Note that a(n) = a(n-1) + A000027(n-1). This has the following geometrical interpretation: Suppose there are already n-1 lines in general arrangement, thus defining the maximal number of regions in the plane obtainable by n-1 lines and now one more line is added in general arrangement. Then it will cut each of the n-1 lines and acquire intersection points which are in general arrangement. (See the comments on A000027 for general arrangement with points.) These points on the new line define the maximal number of regions in 1-space definable by n-1 points, hence this is A000027(n-1), where for A000027 an offset of 0 is assumed, that is, A000027(n-1) = (n+1)-1 = n. Each of these regions acts as a dividing wall, thereby creating as many new regions in addition to the a(n-1) regions already there, hence a(n) = a(n-1) + A000027(n-1). Cf. the comments on A000125 for an analogous interpretation. - Peter C. Heinig (algorithms(AT)gmx.de), Oct 19 2006

When constructing a zonohedron, one zone at a time, out of (up to) 3-d non-intersecting parallelepipeds, the n-th element of this sequence is the number of edges in the n-th zone added with the n-th "layer" of parallelepipeds. (Verified up to 10-zone zonohedron, the enneacontahedron.) E.g., adding the 10th zone to the enneacontahedron requires 46 parallel edges (edges in the 10th zone) by looking directly at a 5-valence vertex and counting visible vertices. - Shel Kaphan, Feb 16 2006

Binomial transform of (1, 1, 1, 0, 0, 0, ...) and inverse binomial transform of A072863: (1, 3, 9, 26, 72, 192, ...). - Gary W. Adamson, Oct 15 2007

If Y is a 2-subset of an n-set X then, for n >= 3, a(n-3) is the number of (n-2)-subsets of X which do not have exactly one element in common with Y. - Milan Janjic, Dec 28 2007

Equals row sums of triangle A144328. - Gary W. Adamson, Sep 18 2008

It appears that a(n) is the number of distinct values among the fractions F(i+1)/F(j+1) as j ranges from 1 to n and, for each fixed j, i ranges from 1 to j, where F(i) denotes the i-th Fibonacci number. - John W. Layman, Dec 02 2008

a(n) is the number of subsets of {1,2,...,n} that contain at most two elements. - Geoffrey Critzer, Mar 10 2009

For n >= 2, a(n) gives the number of sets of subsets A_1, A_2, ..., A_n of n = {1, 2, ..., n} such that Meet_{i = 1..n} A_i is empty and Sum_{j in [n]} (|Meet{i = 1..n, i != j} A_i|) is a maximum. - Srikanth K S, Oct 22 2009

The numbers along the left edge of Floyd's triangle. - Paul Muljadi, Jan 25 2010

Let A be the Hessenberg matrix of order n, defined by: A[1,j] = A[i,i]:=1, A[i,i-1] = -1, and A[i,j] = 0 otherwise.
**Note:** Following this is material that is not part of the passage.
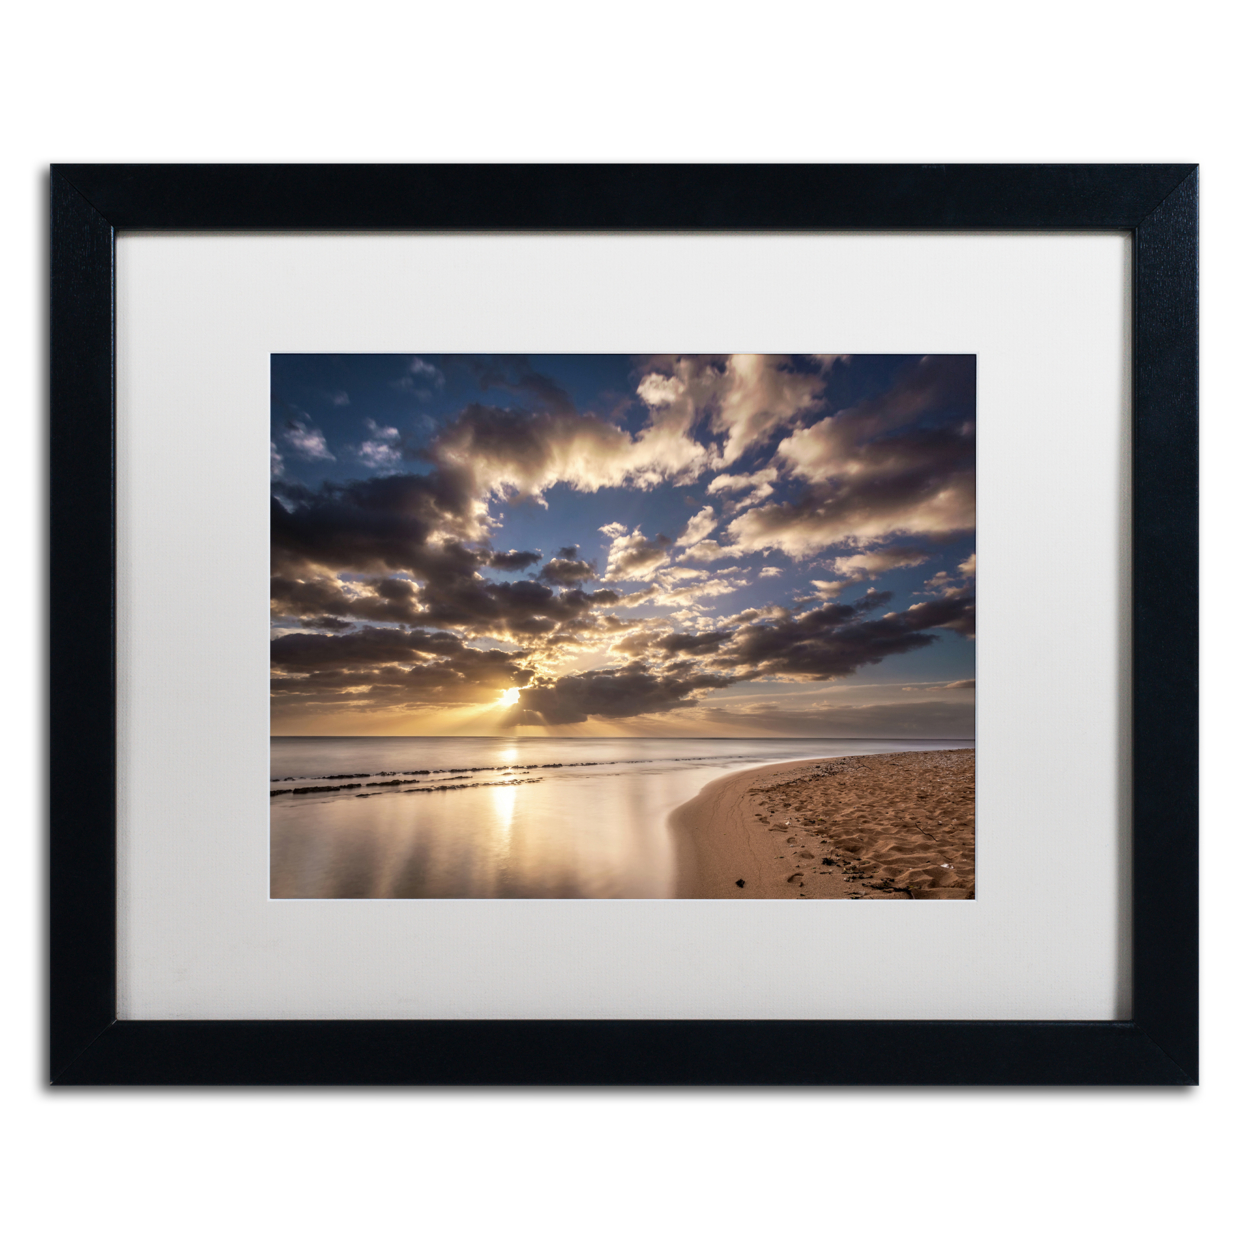 Pierre Leclerc 'Kauai Beach Sunrise' Black Wooden Framed Art 18 X 22 Inches

Then, for n >= 1, a(n-1) = (-1)^(n-1)*coeff(charpoly(A,x),x). - Milan Janjic, Jan 24 2010

Also the number of deck entries of Euler's ship. See the Meijer-Nepveu link. - Johannes W. Meijer, Jun 21 2010

(1 + x^2 + x^3 + x^4 + x^5 + ...)*(1 + 2x + 3x^2 + 4x^3 + 5x^4 + ...) = (1 + 2x + 4x^2 + 7x^3 + 11x^4 + ...). - Gary W. Adamson, Jul 27 2010

The number of length n binary words that have no 0-digits between any pair of consecutive 1-digits. - Jeffrey Liese, Dec 23 2010

Let b(0) = b(1) = 1; b(n) = max(b(n-1)+n-1, b(n-2)+n-2) then a(n) = b(n+1). - Yalcin Aktar, Jul 28 2011

Also number of triangular numbers so far, for n > 0: a(n) = a(n-1) + Sum(A010054(a(k)): 0 <= k < n), see also A097602, A131073. - Reinhard Zumkeller, Nov 15 2012

Also number of distinct sums of 1 through n where each of those can be + or -. E.g., {1+2,1-2,-1+2,-1-2} = {3,-1,1,-3} and a(2) = 4. - Toby Gottfried, Nov 17 2011

This sequence is complete because the sum of the first n terms is always greater than or equal to a(n+1)-1. Consequently, any nonnegative number can be written as a sum of distinct terms of this sequence. See A204009, A072638. - Frank M Jackson, Jan 09 2012

The sequence is the number of distinct sums of subsets of the nonnegative integers, and its first differences are the positive integers. See A208531 for similar results for the squares. - John W. Layman, Feb 28 2012

Apparently the number of Dyck paths of semilength n+1 in which the sum of the first and second ascents add to n+1. - David Scambler, Apr 22 2013

Without 1 and 2, a(n) equals the terminus of the n-th partial sum of sequence 1, 1, 2. Explanation: 1st partial sums of 1, 1, 2 are 1, 2, 4; 2nd partial sums are 1, 3, 7; 3rd partial sums are 1, 4, 11; 4th partial sums are 1, 5, 16, etc. - Bob Selcoe, Jul 04 2013

Equivalently, numbers of the form 2*m^2+m+1, where m = 0, -1, 1, -2, 2, -3, 3, ... . - Bruno Berselli, Apr 08 2014

For n >= 2: quasi-triangular numbers; the almost-triangular numbers being A000096(n), n >= 2. Note that 2 is simultaneously almost-triangular and quasi-triangular. - Daniel Forgues, Apr 21 2015

n points in general position determine "n choose 2" lines, so A055503(n) <= a(n(n-1)/2). If n > 3, the lines are not in general position and so A055503(n) < a(n(n-1)/2). - Jonathan Sondow, Dec 01 2015

The digital root is period 9 (1, 2, 4, 7, 2, 7, 4, 2, 1), also the digital roots of centered 10-gonal numbers (A062786), for n > 0, A133292. - Peter M. Chema, Sep 15 2016

Partial sums of A028310. - J. Conrad, Oct 31 2016

For n >= 0, a(n) is the number of weakly unimodal sequences of length n over the alphabet {1, 2}. - Armend Shabani, Mar 10 2017

From Eric M. Schmidt, Jul 17 2017: (Start)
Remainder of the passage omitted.